I don't have a self-driving car (of course) but I do have recent one with several automated systems.
For example the rear parking sensor - it's OK-ish, but so paranoid that I wish it would STFU when reversing into a parking space of less than (say) 12 yards long.
For example the windscreen wipers - they're OK-ish, they run when it rains, they don't when it doesn't, but seem really undecided about drizzle. Not had the chance to check them in snow yet, but can't say I'm optimistic.

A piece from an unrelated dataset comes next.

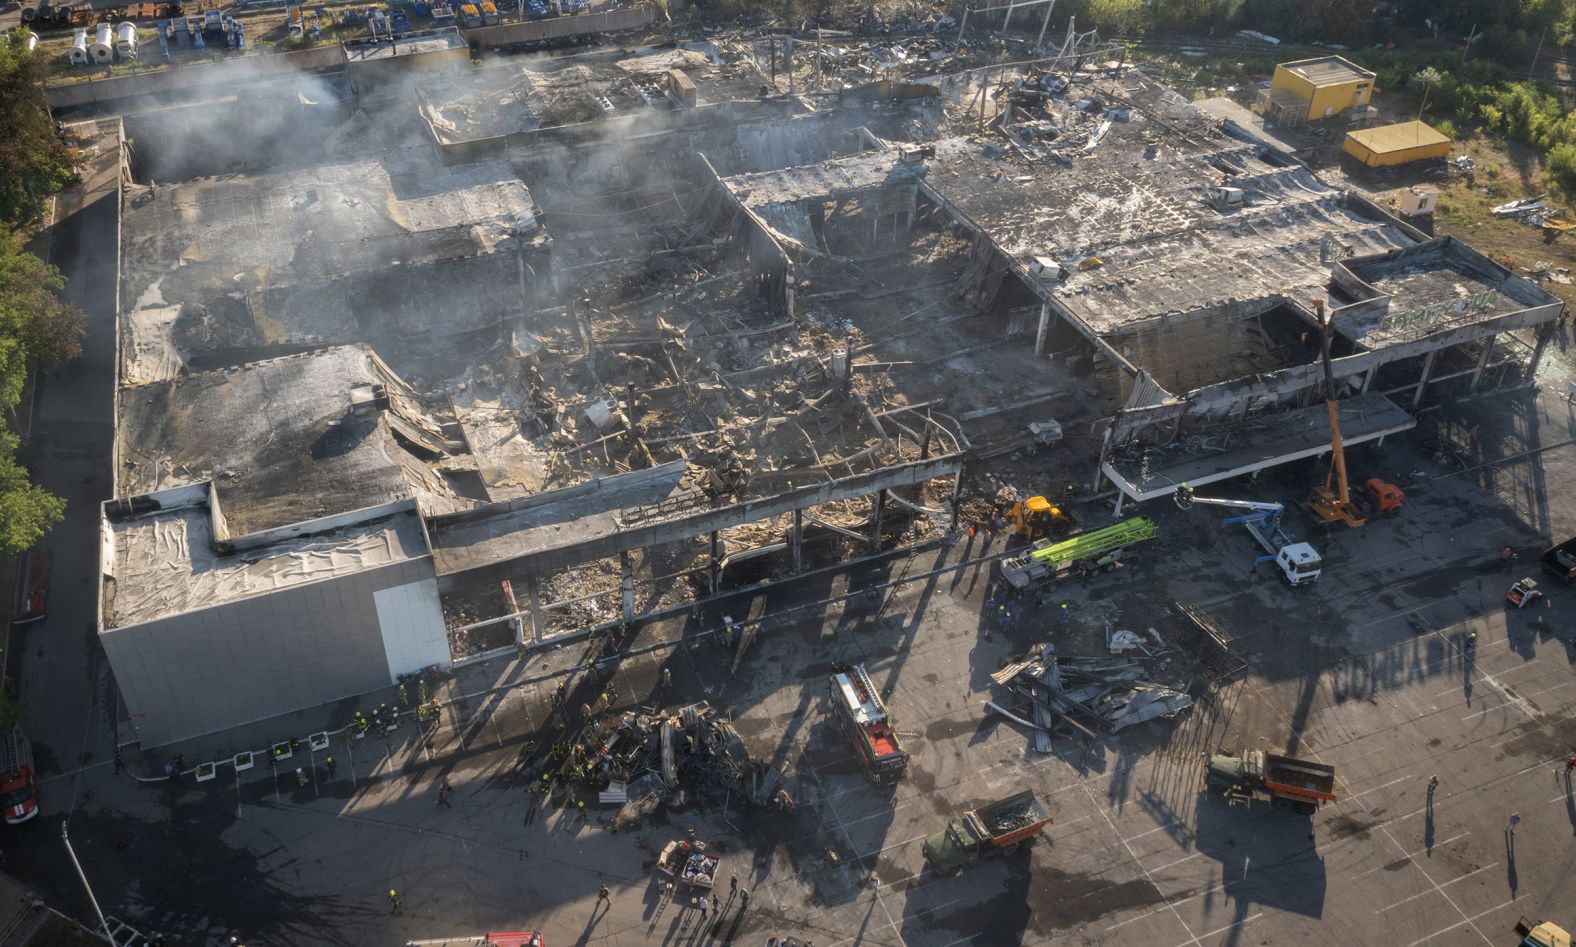 Ukrainian State Emergency Service firefighters work to take away debris at a shopping mall after a <a href="index.php?page=&url=https%3A%2F%2Fedition.cnn.com%2Feurope%2Flive-news%2Frussia-ukraine-war-news-06-28-22%2Fh_f2e4cf15367437c654d2db5ed8fa9349" target="_blank">rocket attack in Kremenchuk</a>, Ukraine, on June 28.

For example the lane-departure detection system - it's OK-ish, but it can't detect white lines if they're not recently painted, or if there are those shiny strips of tarmac that are sometimes used to form the joins around surface repairs. It's supposed not to worry about lane-departure if you signal beforehand, but evidently disagrees with me as to the meaning of "beforehand". It signals lane departure by vibrating the steering wheel, which is of course undetectable when driving on a typical British road surface.
And so it goes - the more complex the system, the less useful benefit it gives, and the less able it is to cope with real environments. So colour me sceptical about linking lots of these bits together into a more complex system.
BTW, the paranoia point is especially significant, I think. Automated vehicles will simply log-jam our roads because their programming will make them too cautious, I expect. And don't say the onboard "AI" will learn when it's safe to go faster, because that feature will definitely be locked out.
I may be biased, I enjoy driving after all. Maybe we should make it a requirement that self-driving cars also provably enjoy driving?